Town Council calls on Province to ban door-to-door sales activities

Monday, July 11, 2016 – for immediate release

Town Council calls on Province to ban door-to-door sales activities

Council passed a motion on June 27, 2016, calling on the Province of Ontario to place a ban on door-to-door sales in the home services sector. The motion specifically urges the provincial government to ban the sale or lease of heating, ventilation, and air conditioning (HVAC) equipment, water heaters, water treatment and filtration systems, and other related home energy products and services by door-to-door sales agents.

The motion, brought forward by Mayor Rob Burton, also encourages other GTA municipalities to join Oakville in calling on the Province to act on this issue.

“Despite efforts from the provincial government to curb misleading and aggressive sales tactics at the door, Oakville homeowners still experience it far too regularly,” said Mayor Rob Burton. “Calling on the Province to ban door-to-door sales in the home services sector is the right thing to do for residents in Oakville and all municipalities.”
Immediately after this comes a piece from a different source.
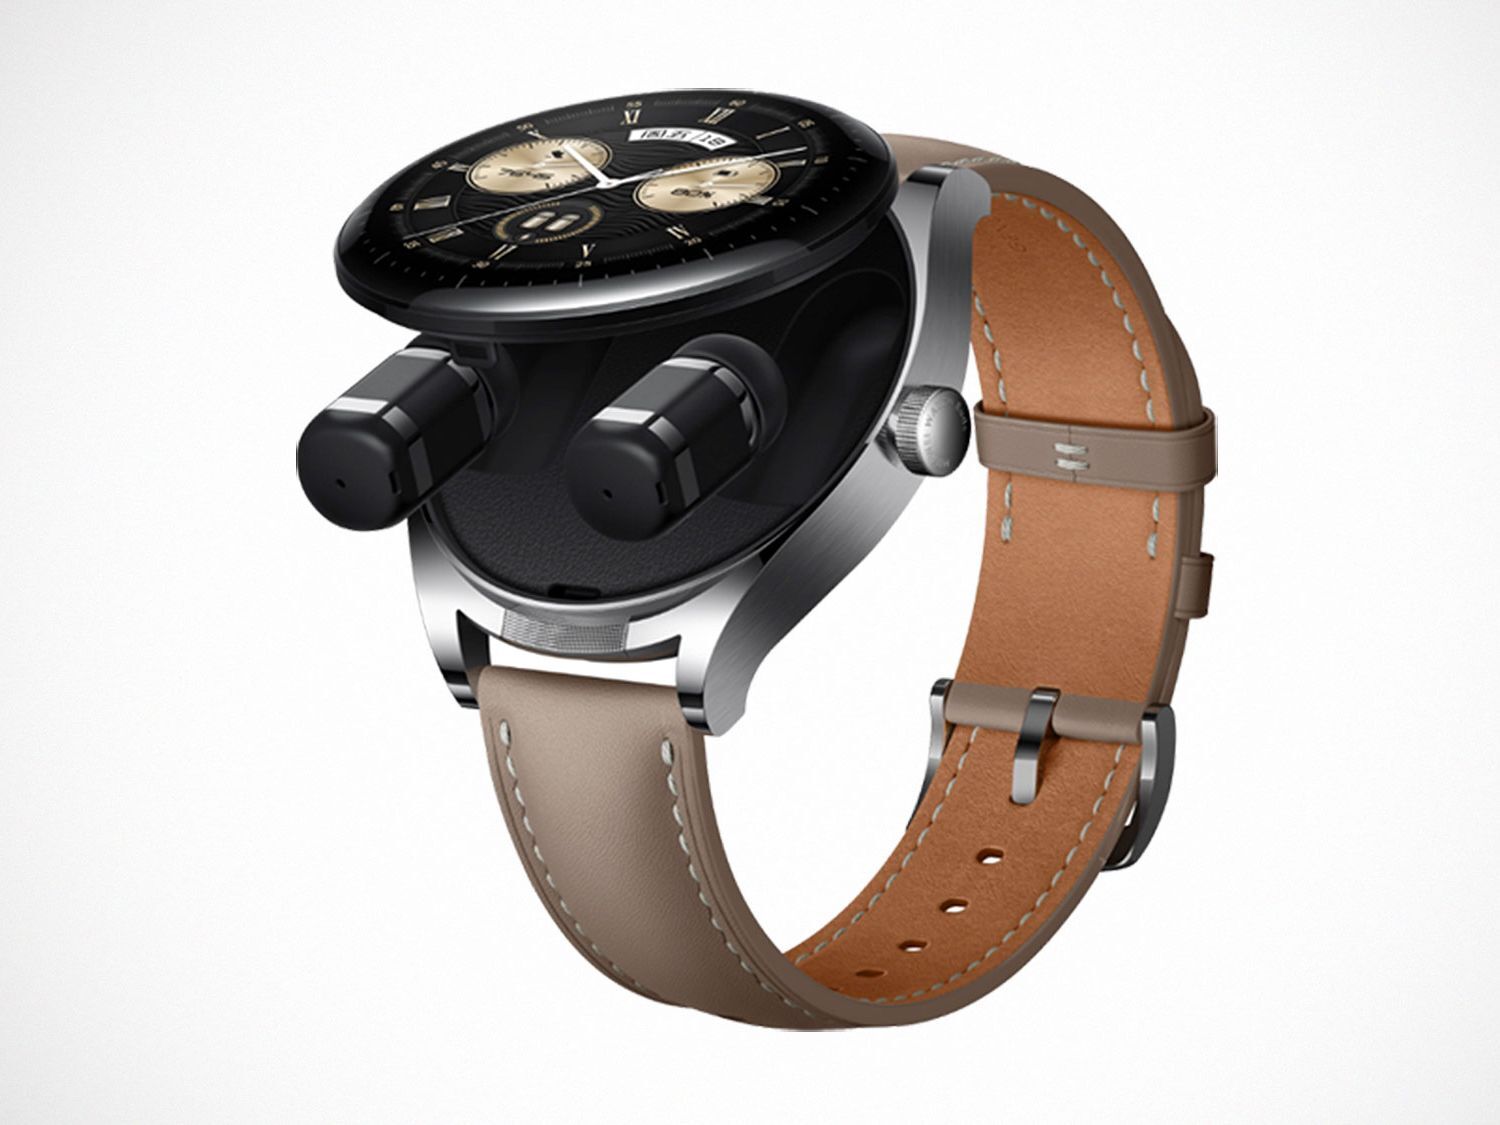 The design of the Huawei Watch Buds removes the need to carry a charging case around. - The Huawei Watch Buds is released and yes, there are buds inside the smartwatch

It is important for residents to learn about their rights when it comes to door-to-door sales tactics. Before you hear a sales pitch at your door, remember to:

ask for photo ID and get the name of the person and the business
never share personal information (for example, an electricity or gas bill)
call the police if you feel unsafe. If you ask a salesperson to leave, they must leave right away.
look at the company name on the salesperson’s business card and promotional material and see if it matches the company name on the proposed contract
never rely on a salesperson’s opinion that your water heater is unsafe or should be replaced
never sign a contract at that time

Also remember that local utility companies, municipalities, government agencies and regulatory organizations do not send salespeople door-to-door.

Review these tips and more by visiting the Government of Ontario website.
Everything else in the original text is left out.